In a recent case, a shareholder had entered into a contractual obligation to a third party which limited his right to sell his shares, so before they could be sold he had to buy his way out of that obligation. He did so, at a cost of £17.5 million.
That done, he sold the shares for £100 million.
When he came to complete his tax return, he calculated the gain chargeable to Capital Gains Tax by deducting from the sale proceeds the cost of the shares and also the cost of securing the right to sell them.

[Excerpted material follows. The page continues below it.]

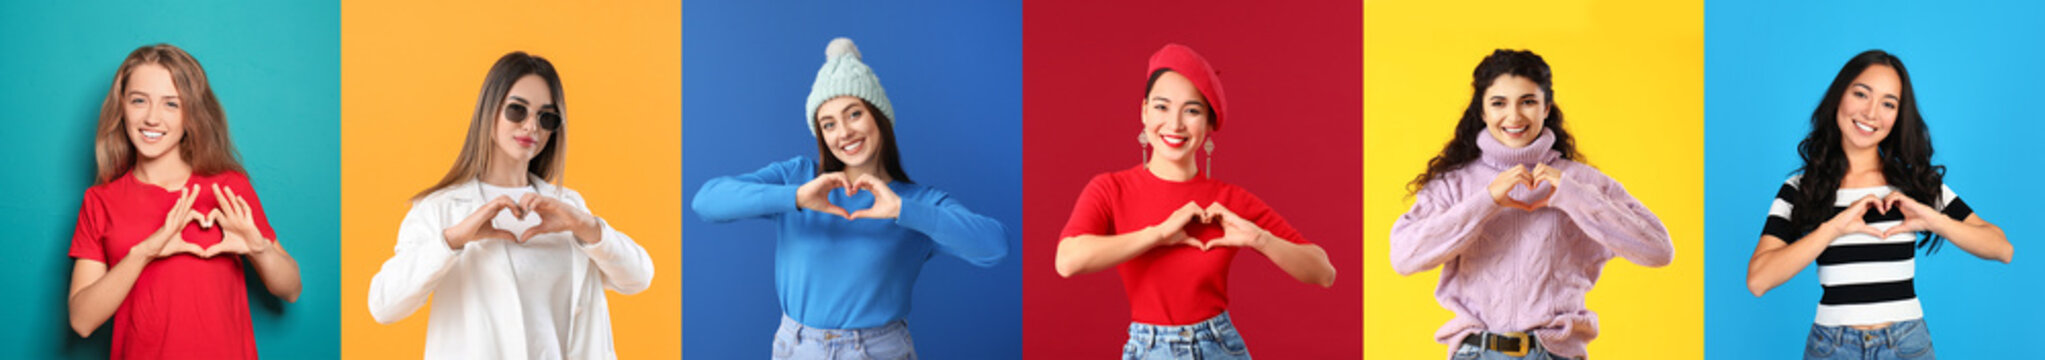 Collage of different young women making heart shape with their hands on color background

The relevant tax law (Section 38 of the Taxation of Chargeable Gains Act 1992) states that the deduction from the sale proceeds which is permitted in order to calculate the taxable capital gain in such circumstances is:
'a) The amount or value of the consideration, in money or money's worth, given by him or on his behalf wholly and exclusively for the acquisition of the asset, together with the incidental costs to him of the acquisition or, if the asset was not acquired by him any expenditure wholly and exclusively incurred by him in providing the asset,
b) The amount of any expenditure wholly and exclusively incurred on the asset by him or on his behalf for the purpose of enhancing the value of the asset, being expenditure reflected in the state or nature of the asset at the time of the disposal, and any expenditure wholly and exclusively incurred by him in establishing, preserving or defending his title to, or to a right over, the asset,
c) The incidental costs to him of making the disposal.'
HM Revenue and Customs did not accept that his expenditure met the above definition and, in an argument that went to the Court of Appeal, they successfully defended their right to charge the tax without the deduction claimed. The earlier agreement was not something that affected the shares but was an agreement personal to the shareholder. Nor could it be argued that the payment in effect re-established his title over the shares which had been forgone by his earlier agreement.